Introduction to SSL
The SSL protocol was originally developed by Netscape for Web browsers. SSL is a set of rules governing authentication and encrypted communication between clients and servers. SSL is widely used on the Internet by an increasing number of varied applications, especially for interactions that involve exchanging confidential information such as credit card numbers. SSL evolved into the Transport Layer Security (TLS) Version 1 standard.
SSL is positioned as a protocol layer between the Transmission Control Protocol (TCP) layer and the application to form a secure connection between clients and servers so that they can communicate in a secure manner over a network by providing:
- Privacy, where data messages are encrypted so that only the two application endpoints understand the data.
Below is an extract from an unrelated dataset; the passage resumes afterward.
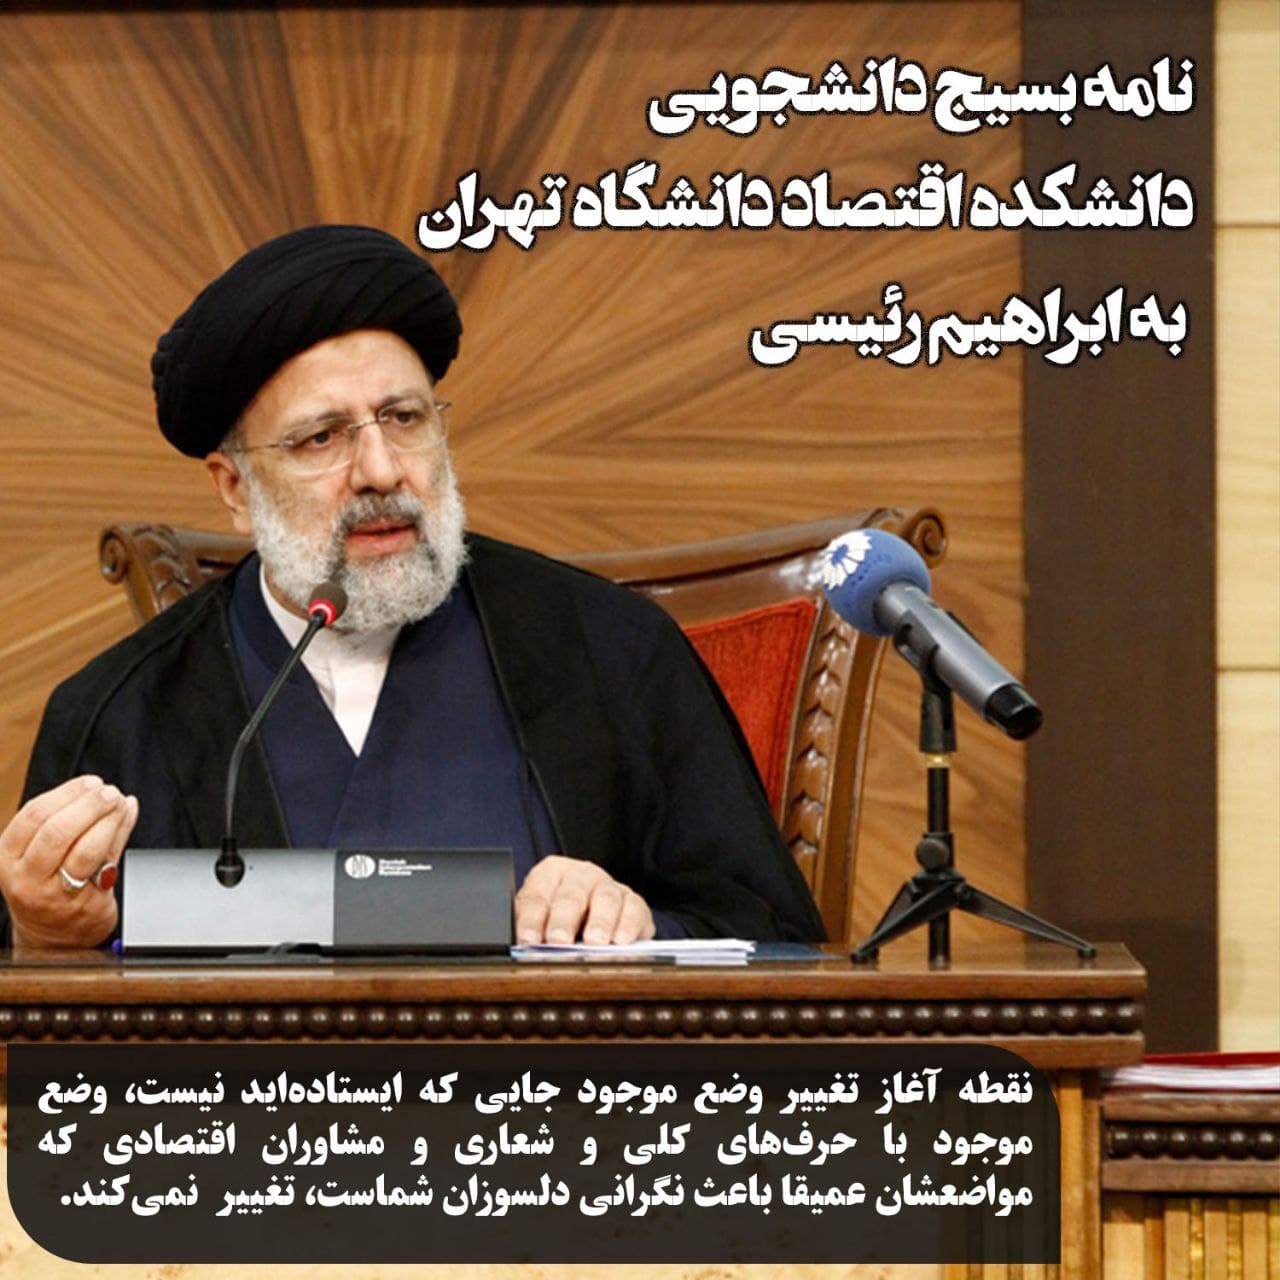 آقای رئیسی مواضع انتخاباتی روحانی کلید دار با مواضع شما فرقی ندارد

- Integrity, where message digests detect if any data was altered in flight.
- Authentication, which verifies the identity of the remote node, application, or user by using digital certificates.
Figure 1 shows an example of a TCP/IP network using SSL.
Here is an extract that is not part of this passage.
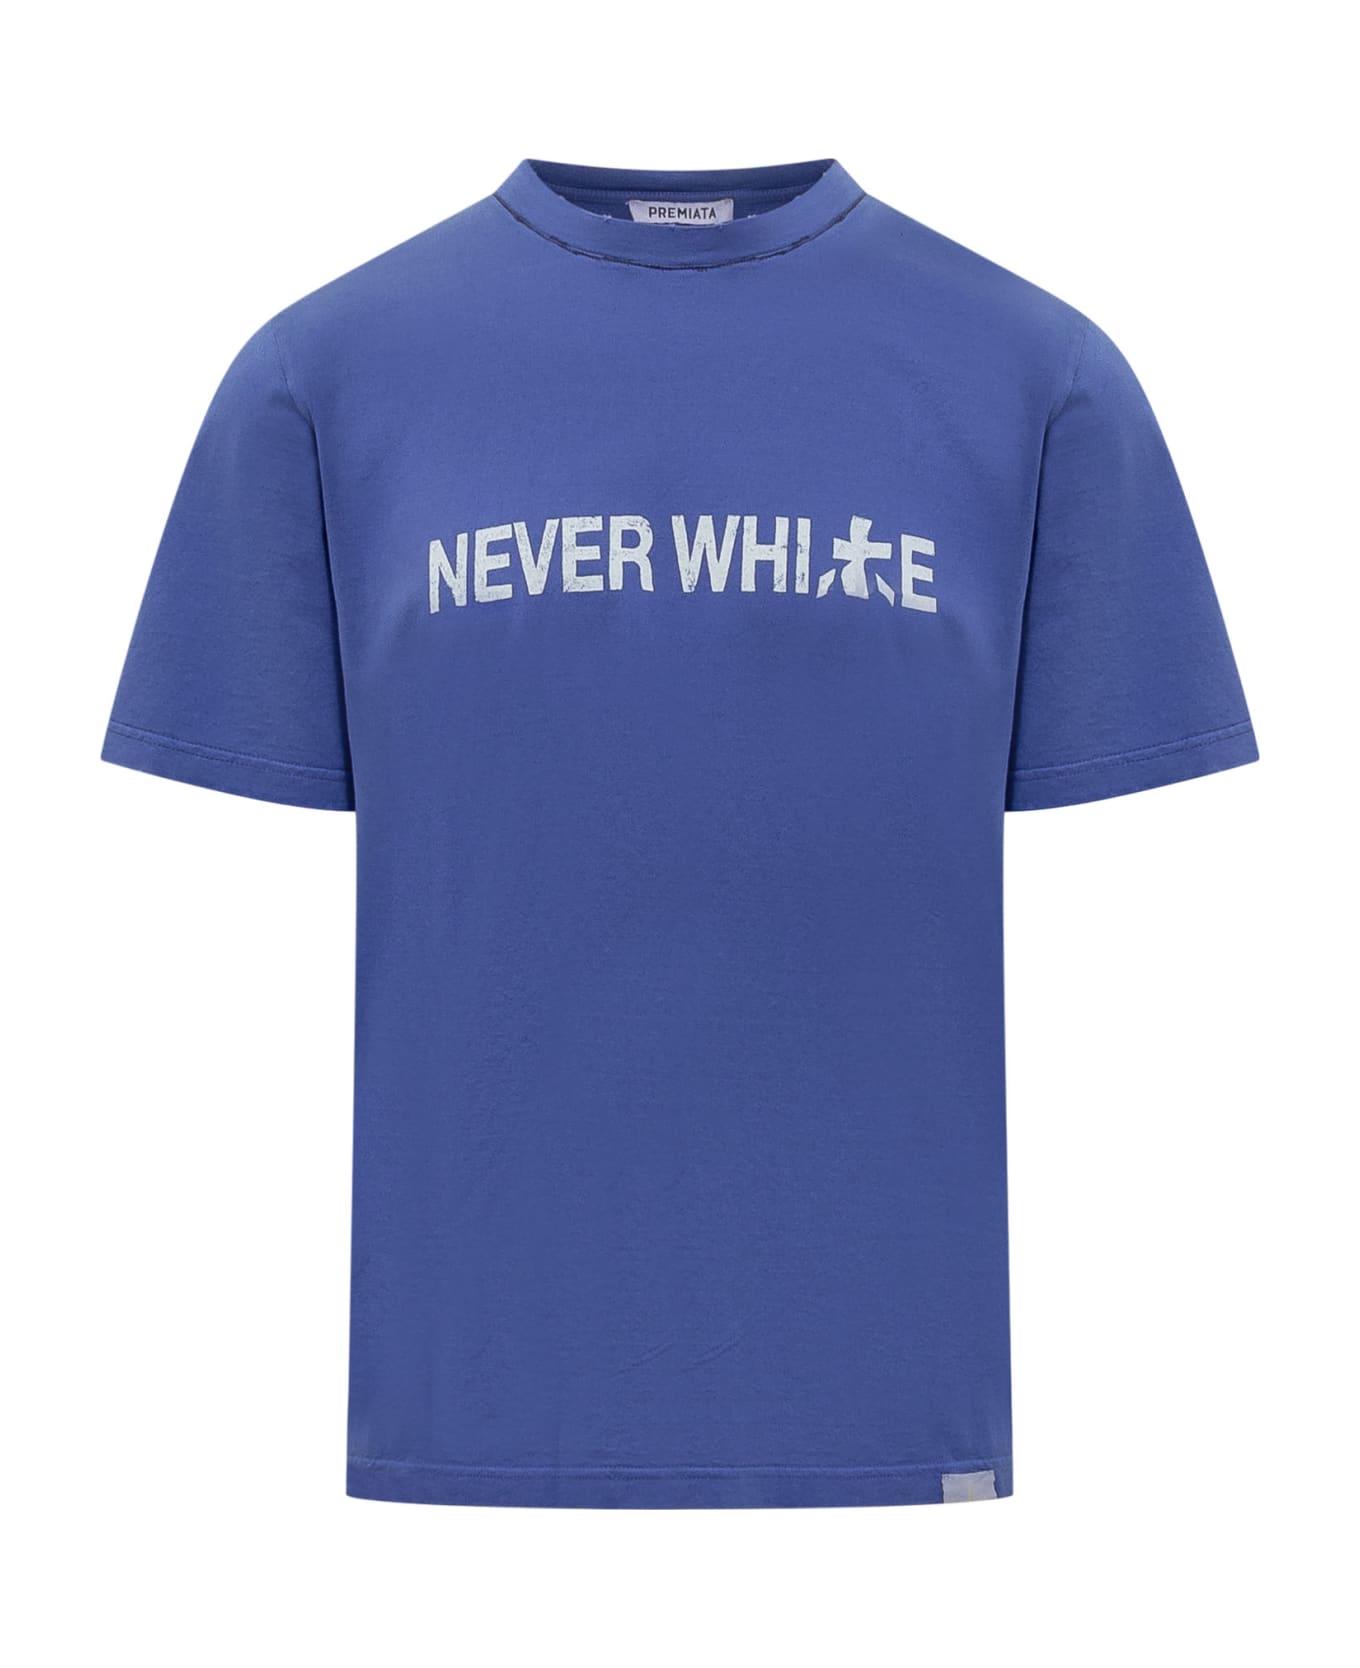 Premiata Neverwhite T-shirt - BLUE

Figure 1. TCP/IP network using SSL
This type of secure connection ensures that all data exchanged between clients and servers is encrypted, and is therefore not readable by a third party on the Internet. SSL has gained popularity in the Internet industry primarily because of its use of public-key certificates as a means of authenticating principles.To establish the connection, SSL requires, at a minimum, a server certificate. As part of the initial SSL handshake process, the server presents its certificate to the client to authenticate the server's identity. The authentication process uses public-key encryption and digital signatures to confirm that the server is, in fact, who the server claims to be (that is, the server's certificate is valid).Once the server has been authenticated (that is, the client determines that the server's certificate is valid), the client and server use techniques of public-key encryption to exchange a symmetric key, which is then used to encrypt all the information exchanged for the remainder of the SSL session. Message digests are used to detect data tampering. A different key is created for each client and server connection. As a result, if unauthorized users intercept and decrypt a session key (which is unlikely), they cannot use it to monitor later SSL sessions.